Researchers have discovered a series of large undersea sediment deposits in a region near Italy that were likely formed by an ancient volcanic supereruption.

These deposits, known as megabeds, were found in the western Marsili Basin, an area at the bottom of the Tyrrhenian Sea that surrounds the Marsili Seamount, a large undersea volcano.

By combining geophysical data acquired from a Spanish research project and data from sediment cores collected from a nearby Ocean Drilling program site, scientists were able to show that three deposits are made up of alternating beds of volcaniclastic sand and mud, while the fourth is a volcaniclastic debris flow, a more dense mixture of volcanic sediment and water.

The study's findings, published in the journal Geology, suggest that these structures were deposited during a volatile time when the Campi Flegrei caldera and the Neapolitan Yellow Tuff supereruption were active.

The new study suggests that these megabeds originated not from nearby volcanoes, but from a volcanic province to the north. That province, researchers think, was an area once near the Campanian Ignimbrite (CI) supereruption of Campi Flegrei, the largest one of its volcanic eruptions since the caldera's formation nearly 50,000 years ago.

This still volcanically active region could pose immense danger in the future, said Derek Sawyer, lead author of the study and an associate professor of earth sciences at The Ohio State University. The discovery of these previously unknown megabeds is pivotal for understanding and measuring the impact of such recurring geohazards over time.

"Megabeds are important components of deep-sea basins and are thought to be the result of major catastrophic events," he said. "So studying them can serve as an important archive into how these events affected the Earth."

The CI supereruption was so violent an incident that it had a profound effect on the planet and had a hand in shaping Earth's climate and ecosystems, as well as a huge chunk of human migratory and geologic history. Thanks to the huge amounts of dust and ash that were left behind on land and eventually traveled into the ocean, Sawyer and his team were able to discern the age and composition of the four sediment deposits, and determined that their interpretation that the megabeds originated from the Campi Flegrei caldera to the north is likely supported.

More evidence supporting the theory came from the researchers' discovery that tiny marine microbes called benthic foraminifera that reside within these megabeds were found not to have originated from Marsili as previously assumed, but from the Campi Flegrei caldera.

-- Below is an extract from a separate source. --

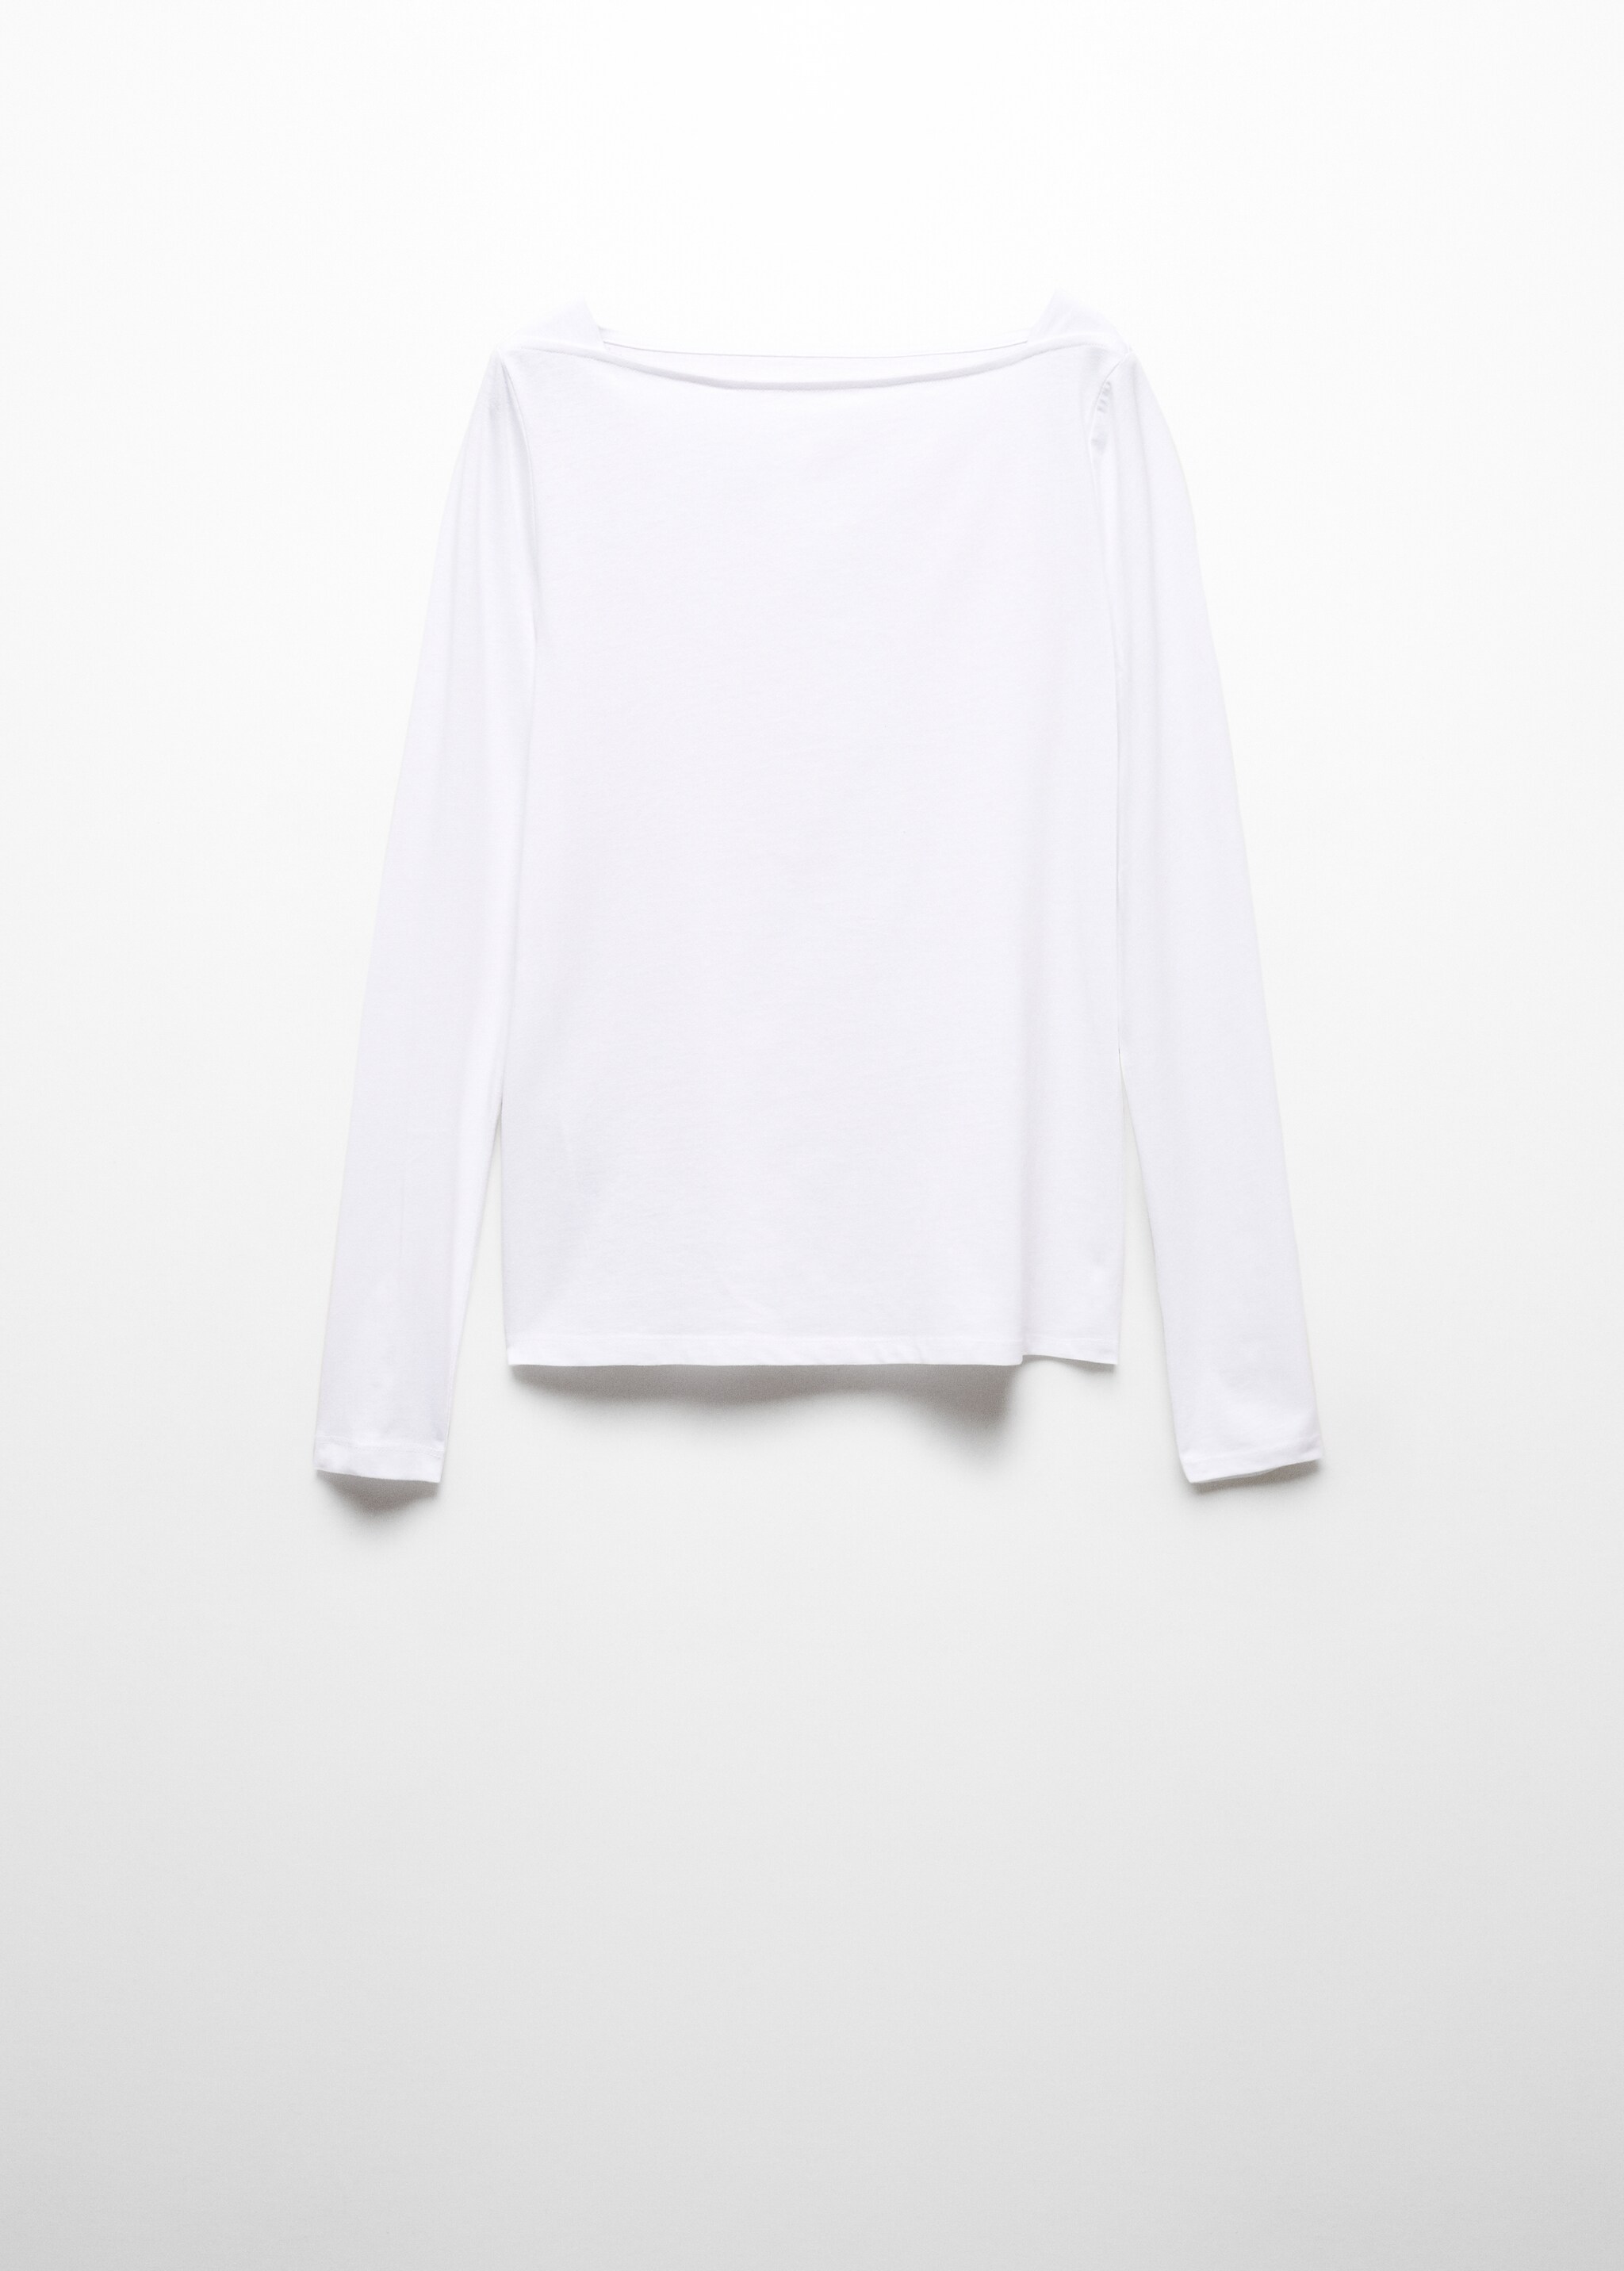 Camiseta cuello barco algodón - Artículo sin modelo

Though scientists can now better predict potential ruptures and other types of seismic hazards, recent volcanic and hydrothermal activity in the Mediterranean has raised scientists' concerns over whether the Marsili Seamount, which rises 3,500 meters from the seafloor to a depth of 489 meters below sea level, will erupt soon.

"This is the part of Italy, the Phlegrean Fields, where Mount Vesuvius is and it's still a very volcanically active area, so it's a known hazard and continuously monitored," said Sawyer. "In doing marine geoscience studies like these, we're working to help understand past eruption events to aid in the effort to build resilient communities that have as much information as they can in order to avoid getting displaced."

If a volcano in this region were to erupt today, the movement of such vast magma deposits beneath the surface could trigger tsunamis threatening nearby coastal cities and cause a variety of other ecological disasters.

While the study did find that megabeds recur in the Marsili Basin about every 10,000 to 15,000 years, Sawyer said that because not every eruption creates a megabed, scientists should be vigilant in watching for events that don't adhere to these timescales. As the last one is estimated to have happened about 2,100 to 3,000 years ago, there's still some uncertainty regarding when the next one will occur.

"We have to be cautious about these predictions, but in order to be prepared for it, more research is needed," Sawyer said.